Internet surfeGrs end up in Cheyenne, Wyoming after Chinese censors hit wrong key

'If you monkey with a system that’s supposed to provide global connectivity, it’s very easy to make mistakes'



For one afternoon this week, the internet capital of the world was no longer San Francisco, Stockholm or Seoul, but Cheyenne, Wyoming, a modest city of 60,000 inhabitants.

In what The New York Times has described as potentially the biggest internet failure in history, as many as three-quarters of China’s 500 million web users were left with blank screens from 3.15pm local time on Tuesday. Some were unable to load websites for up to eight hours.

It is now thought the outage was the fault of the Chinese government’s cyber-security apparatus – known as the “Great Firewall” – which mistakenly diverted traffic to web addresses it would normally block. Several of those sites were registered to a business in an unremarkable two-storey building on Pioneer Avenue in Cheyenne.

The Great Firewall is meant to keep Chinese web users away from content critical of the Beijing government. Yet many get round it by using a foreign IP address – a service offered by several companies outside China, including Sophidea, the firm registered at Pioneer Avenue. Experts believe the Chinese authorities were trying to block these services, but instead flooded them with traffic, causing them to crash.

James Lewis, a cyber-security expert at the Centre for Strategic and International Studies in Washington DC, said such errors were not new. “The Pakistanis tried to block YouTube in Pakistan and instead blocked it in large portions of the world,” he said.

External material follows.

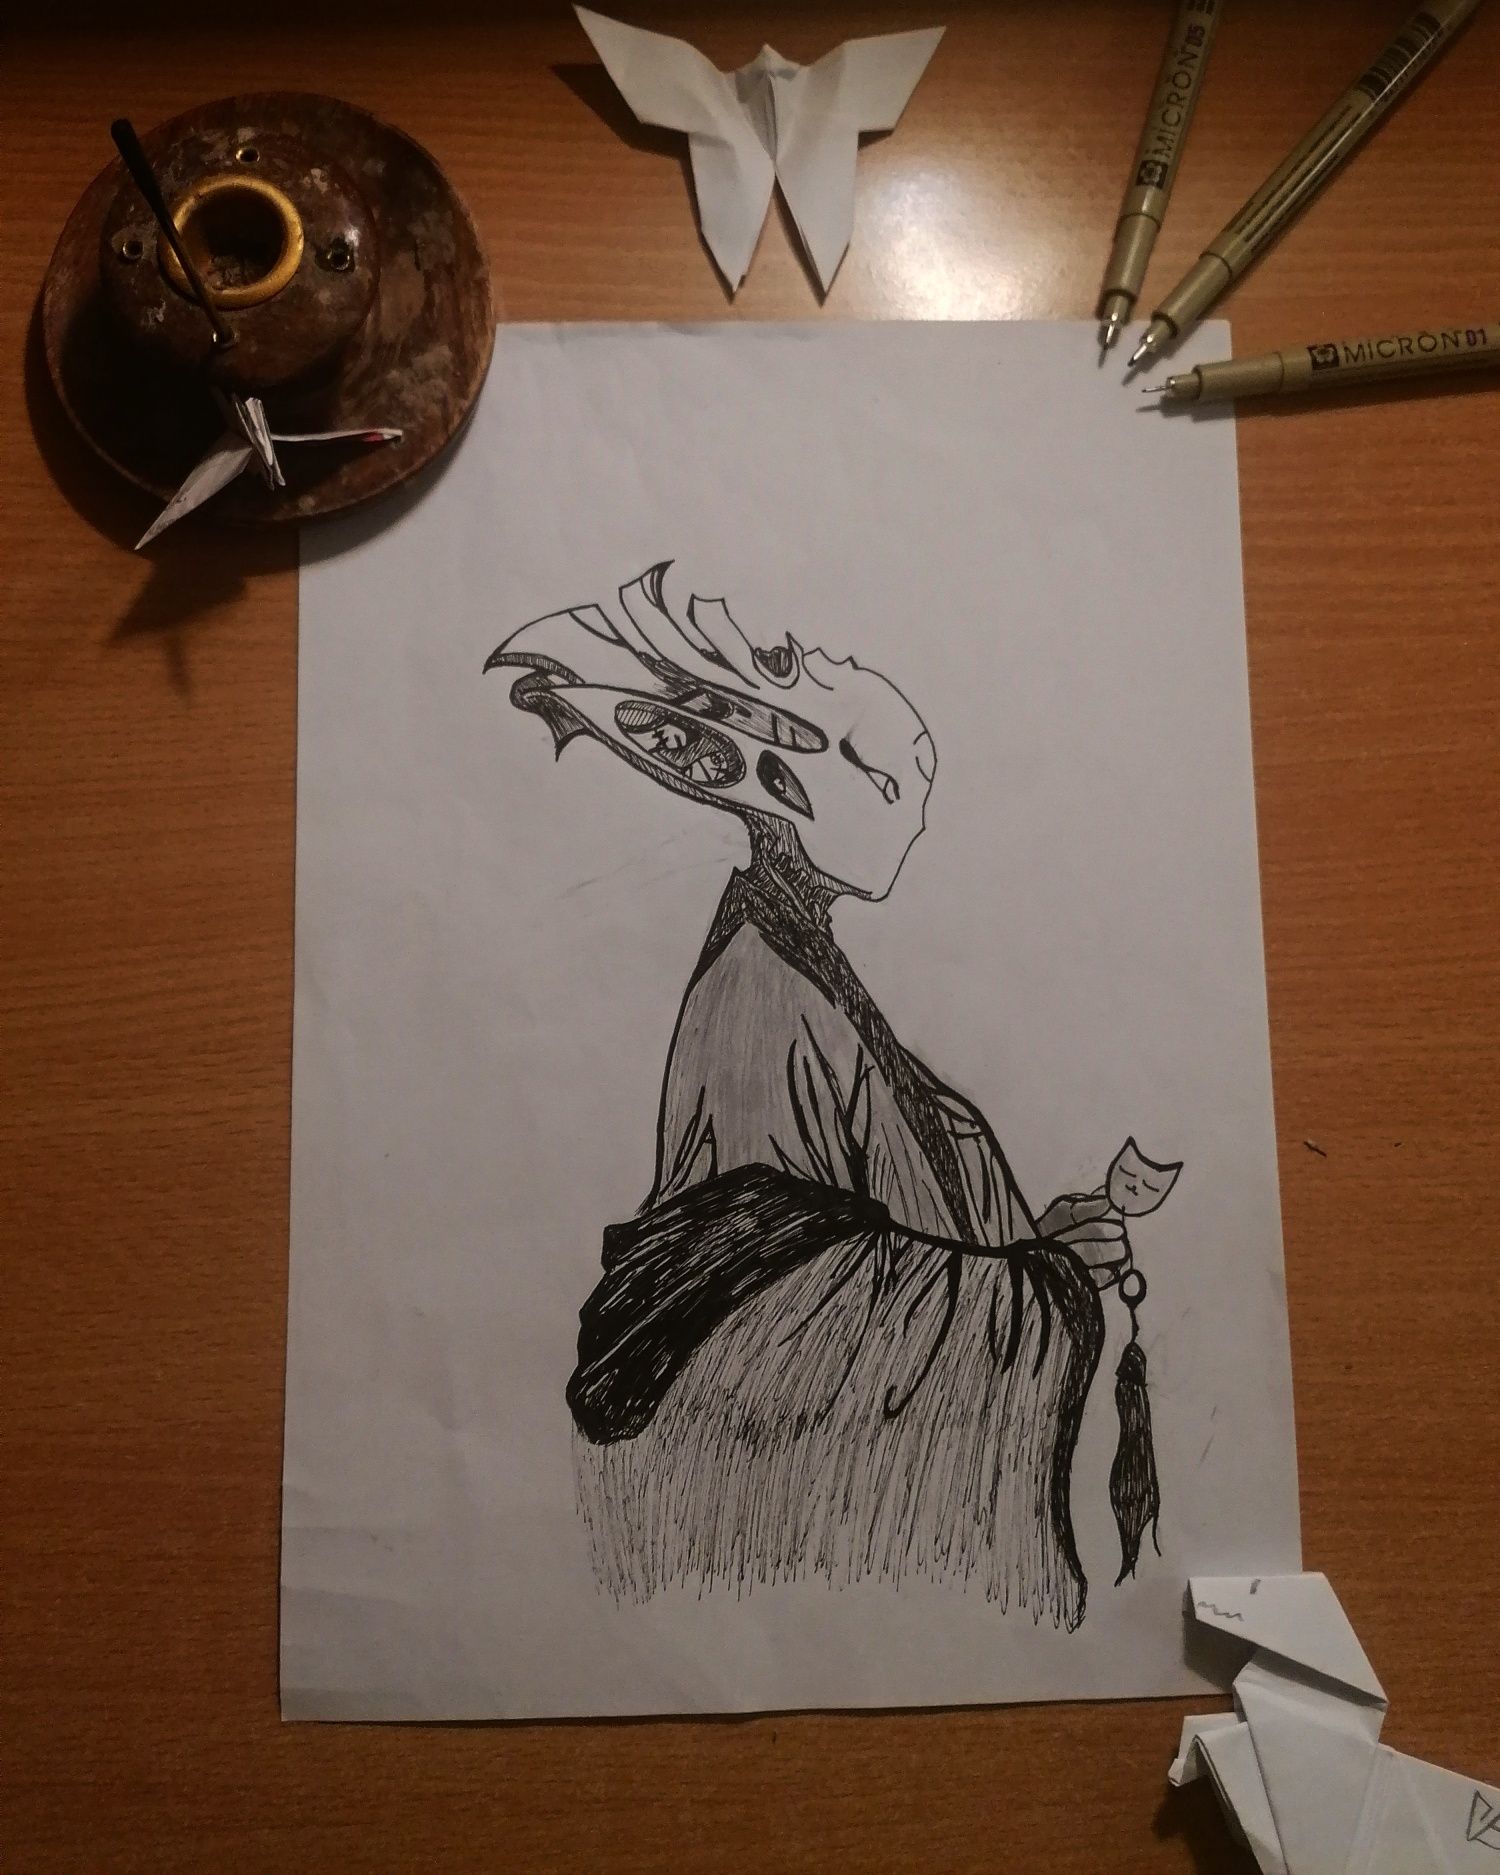 Desene in creion sau si origami cadou Sectorul 2 • OLX.ro

“The Chinese once ‘accidentally’ misrouted 15 per cent of the world’s internet traffic through a Chinese server. If you monkey with a system that’s supposed to provide global connectivity, it’s very easy to make mistakes.”

Pioneer Avenue is the official home of around 8,000 companies, all under the aegis of Wyoming Corporate Services, a “mass-incorporator” allowing clients to create shell companies with an on-paper home in a state with a favourable regulatory system, such as Wyoming. The Chinese web traffic was not sent to Pioneer Avenue itself, but to Sophidea’s servers, whose location remains a mystery – the company and its owners are not publicly listed.

Dynamic Internet Technology, which helps Chinese users access anti-government content, also reported a surge of traffic. Bill Xia, its founder, told The Wall Street Journal, “It was hundreds of thousands of users per second. They were sending [all of] China to us.”